What better way to introduce children to science, technology, engineering and math than through sports and exercise? During this summer’s WVU National Youth Sports Program, the Mountaineer Area RoboticS team, (MARS) stopped by to share their passion about competitive robotics and mental skills. 

Eleven MARS volunteers visited NYSP to promote interest in STEM education. They incorporated their knowledge about robotics in NYSP activities, engaging the campers through active learning. 

“At NYSP we assisted the children in making mini robots called brush bots,” Sharda Mohamed, MARS outreach and public relations mentor, said. “These robot crafts are built using a toothbrush head, small battery, small motor and connection wires to create an electrical circuit. This circuit creates a vibration that moves the mini robot across the table.” 

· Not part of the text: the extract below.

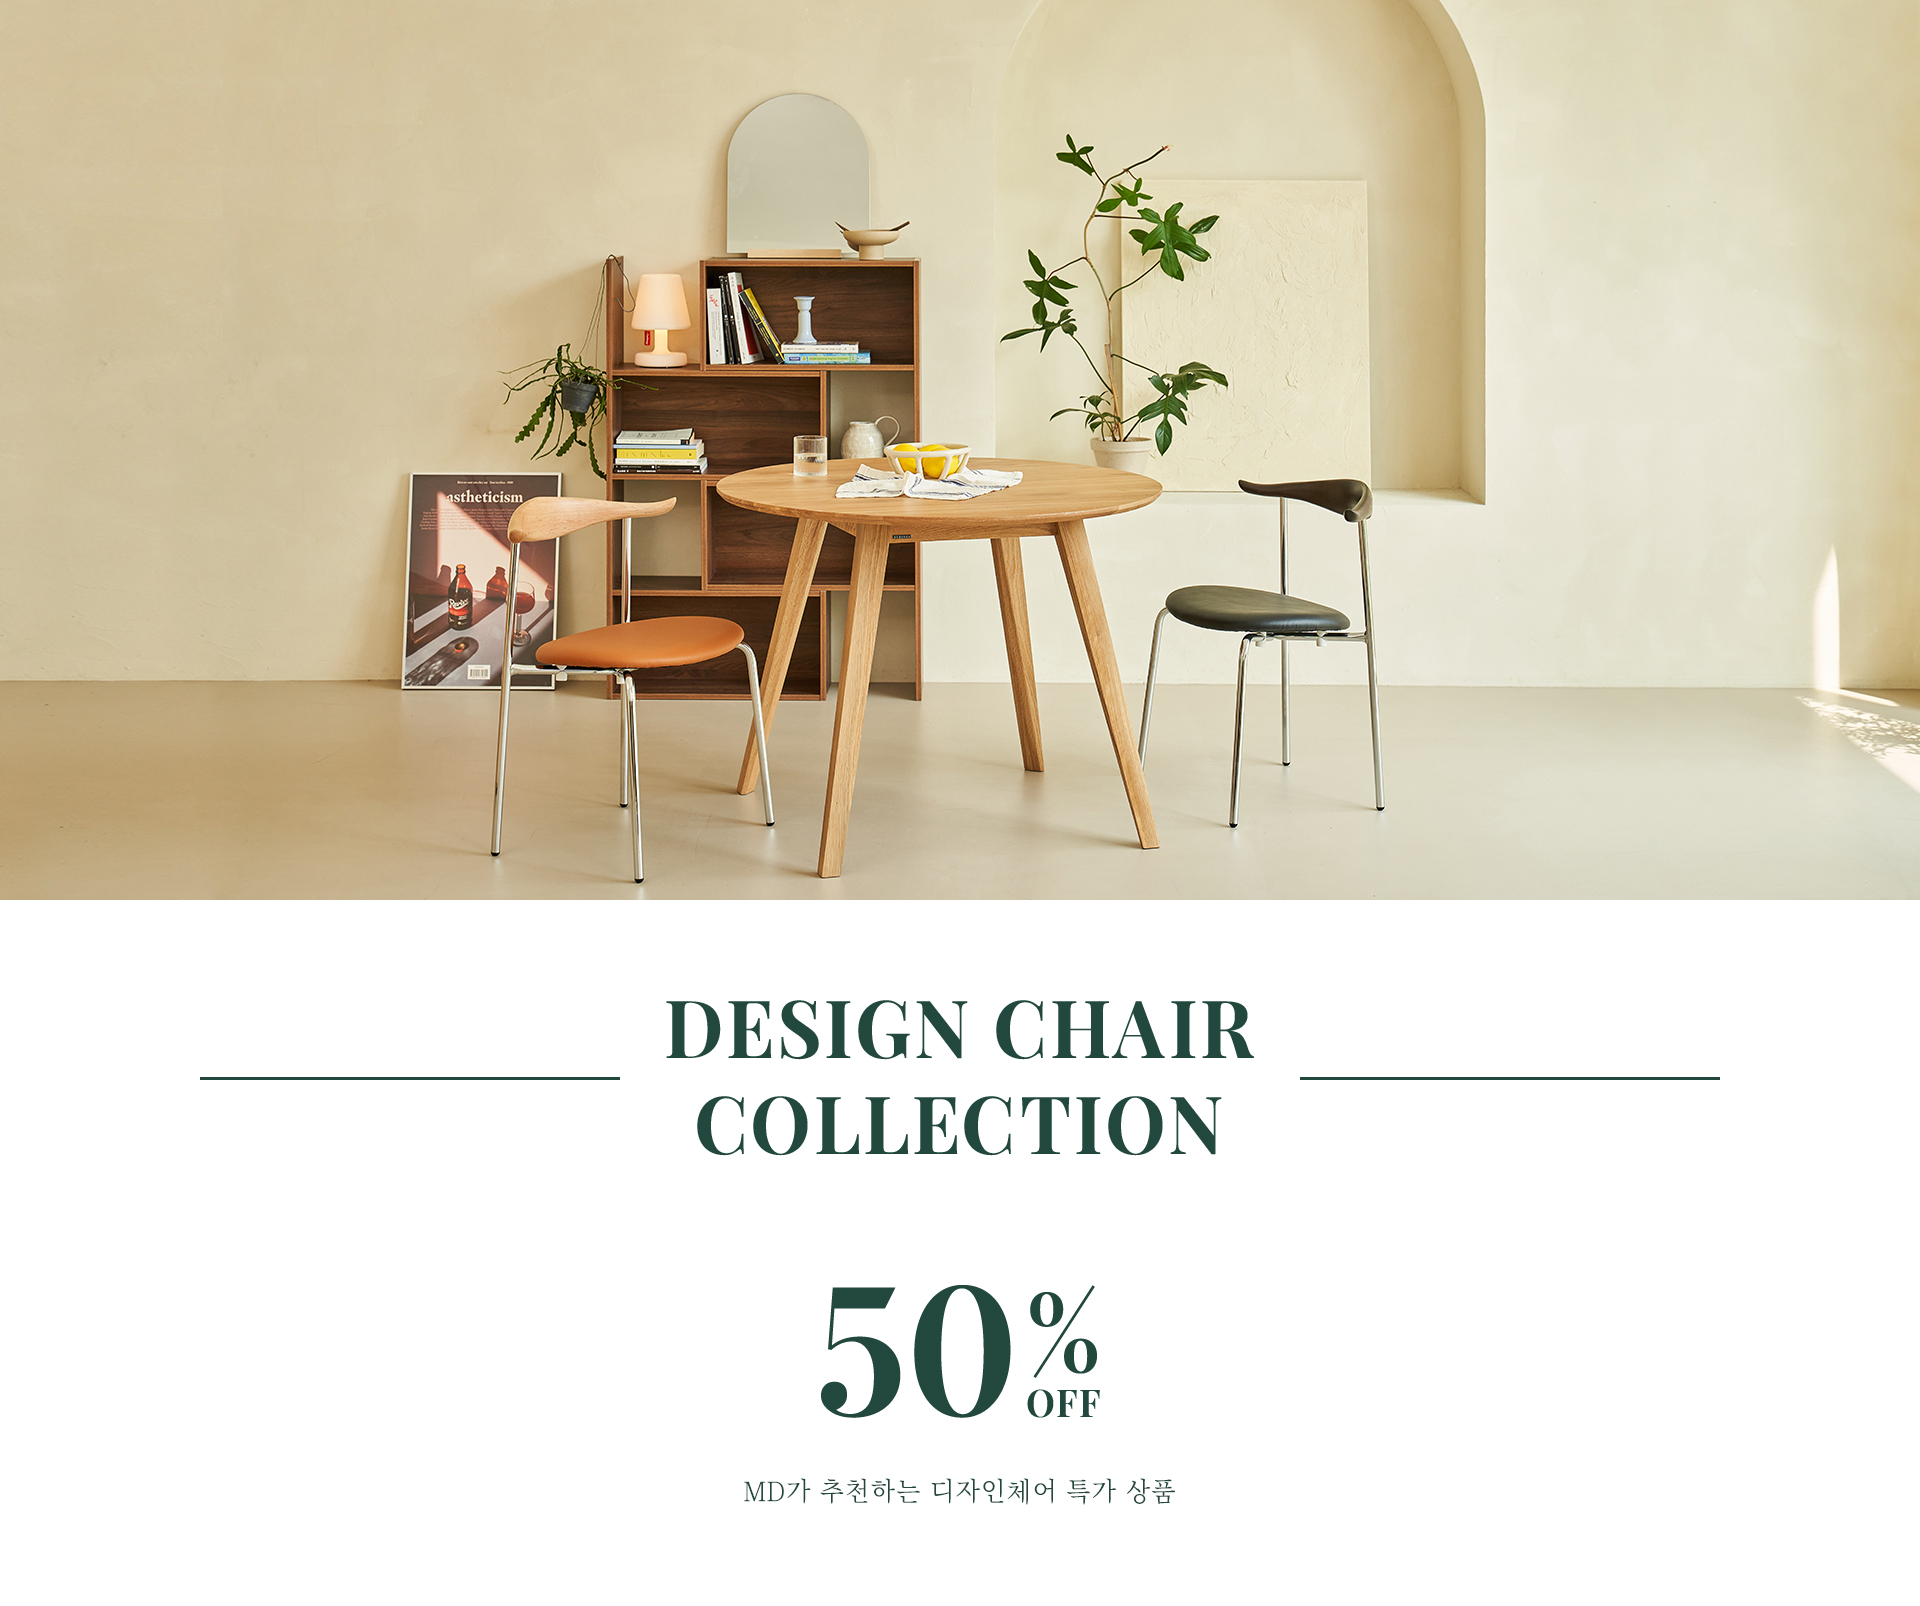 DESIGN CHAIR COLLECTION 50% off

NYSP campers were mesmerized. Suncrest Middle School student Jannat Al-Shebeeb explained her experience. “It was fun. You could use your imagination and be creative. We learned how to build a circuit. I love math,” she said. Al-Shebeeb wants to be a doctor. 

MARS also showcased an FRC (FIRST Robotic Competition) robot used in competition at the World Robotics Competition in St Louis, MO. 

For Suncrest Middle School student Sofia Doretto, science is becoming a habit. “I’ve done this before. Every single time, it’s new experience. I’ve been to WVU Engineering camp and other one-day science activities,” she explained. 

Through outreach initiatives, team members become role models for younger students. “The power of youth leading STEM events, helping others, enjoying the work of creating something with a team and volunteering their time for others is incredible,” Mohamed added. 

During the robotics workshop, campers moved a robot around the floor of the WVU Shell Building while the high school students described parts of the machinery and what they did. 

To promote robotics and STEM, MARS travels the county and surrounding areas for outreach activities featuring demonstrations and hands-on experiences. Youth create small robots, while learning basics about design decisions and systems. During the year, the team travels to approximately 20 events around the state. 

NYSP supports youth sport and recreational activities, while providing campers with real-world experiences, such as learning the importance of reading and job responsibilities. The implementation of MARS’ robotics workshop gave the campers a way to learn about science, math and technology through additional hands-on activities. 

According to Mohamed, MARS strives to inspire youth in rural and underserved areas in West Virginia and around the world to pursue their creative and intellectual passions.